Despite myriad security measures in app stores, malicious apps are repeatedly finding their way onto the smartphones of naïve users. The appearance of ads for pornography in children’s games in January is a recent example.

“Malware often works in the same manner. As soon as such software is opened on a smartphone it secretly contacts a computer via the internet and downloads malicious program code to the phone. In this case it was advertising, but it could also have been a subscription trap”, explains Oliver Schranz, who is researching better protective measures for Android apps at the Saarland Informatics Campus of the CISPAHelmholtz Centre.

Together with his colleagues Sven Bugiel, Philipp von Styp-Rekowsky, Sebastian Weisgerber and Professor Michael Backes, Schranz has accordingly developed the “Android Runtime Instrumentation and Security Toolkit”, or ARTist for short.

The software allows the instructions that selected apps execute in the runtime environment of Google’s Android mobile operating system to be monitored live.
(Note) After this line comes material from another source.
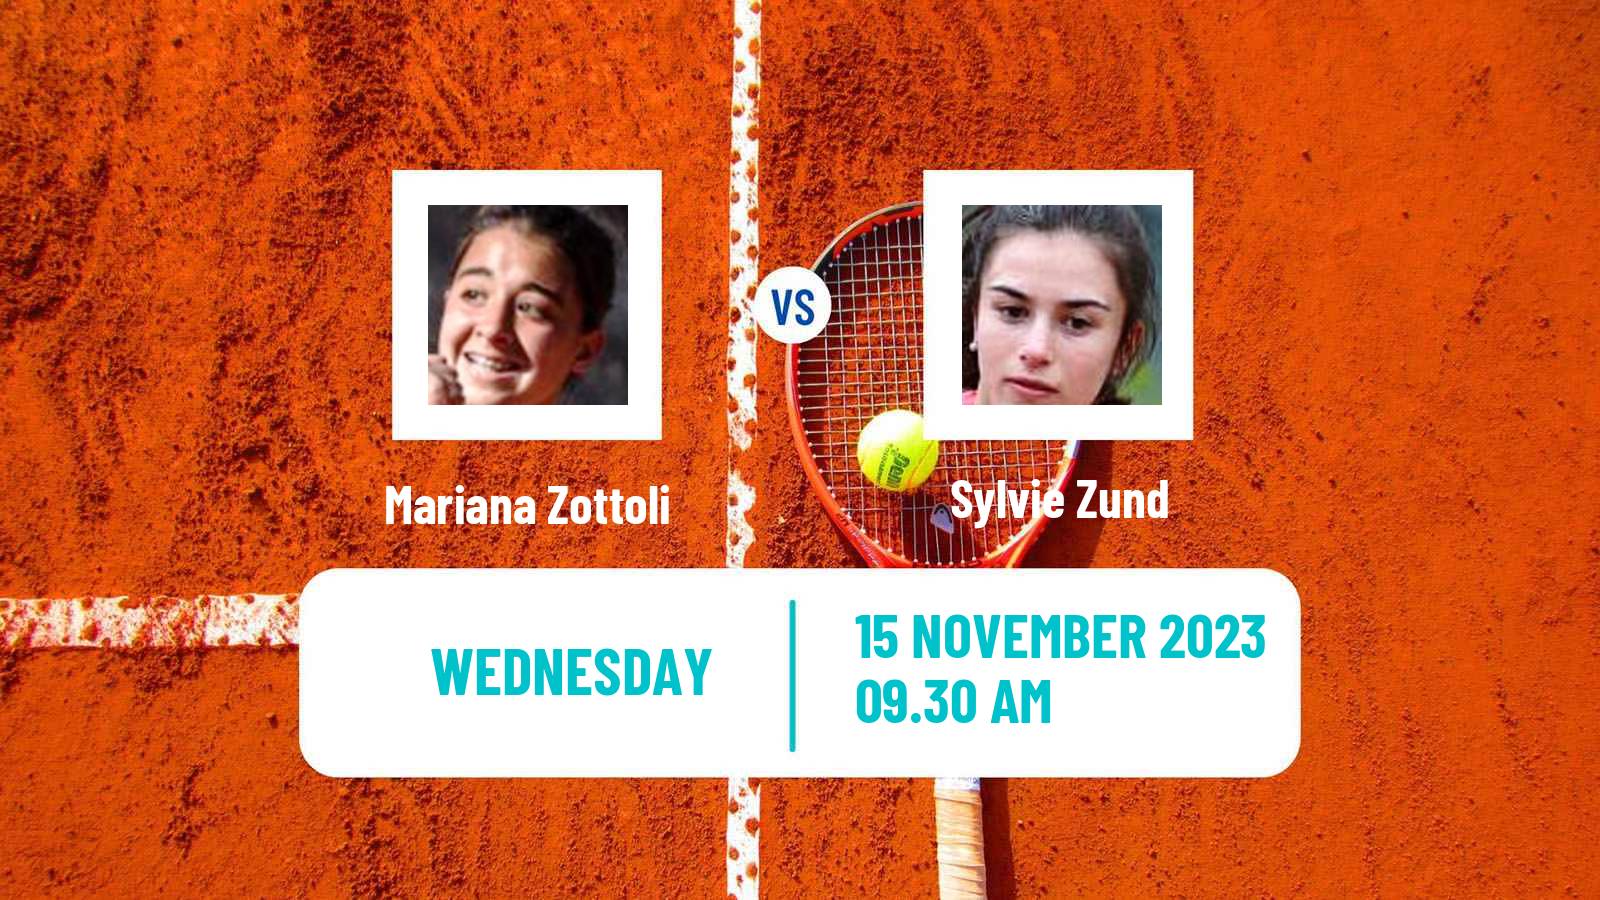 Tennis ITF W15 Buenos Aires 2 Women Mariana Zottoli - Sylvie Zund

Both IT security researchers and commercial software developers can use the software to check whether the app really does what is expected of it. Comparable toolkits are only capable of checking methods, so this software from the IT experts in Saarbrücken is a much better “watchdog”. “We can see what the app is doing at all times and keep an eye on when and what data is sent out”, says Schranz.

The scientists have also gone to great lengths in terms of ease of use. ARTist is available as an app, allowing the apps to be monitored to be selected by touch. The time and effort required for analysis are therefore kept to a minimum. At CEBIT the researchers will demonstrate ARTist’s full functionality by analysing real-world apps, including the US online platform Uber.

A new ARTist function is also under development. In future, users will be able to use the software to prevent presumably suspect instructions from being executed. This could also include reducing the opening of embarrassing advertising.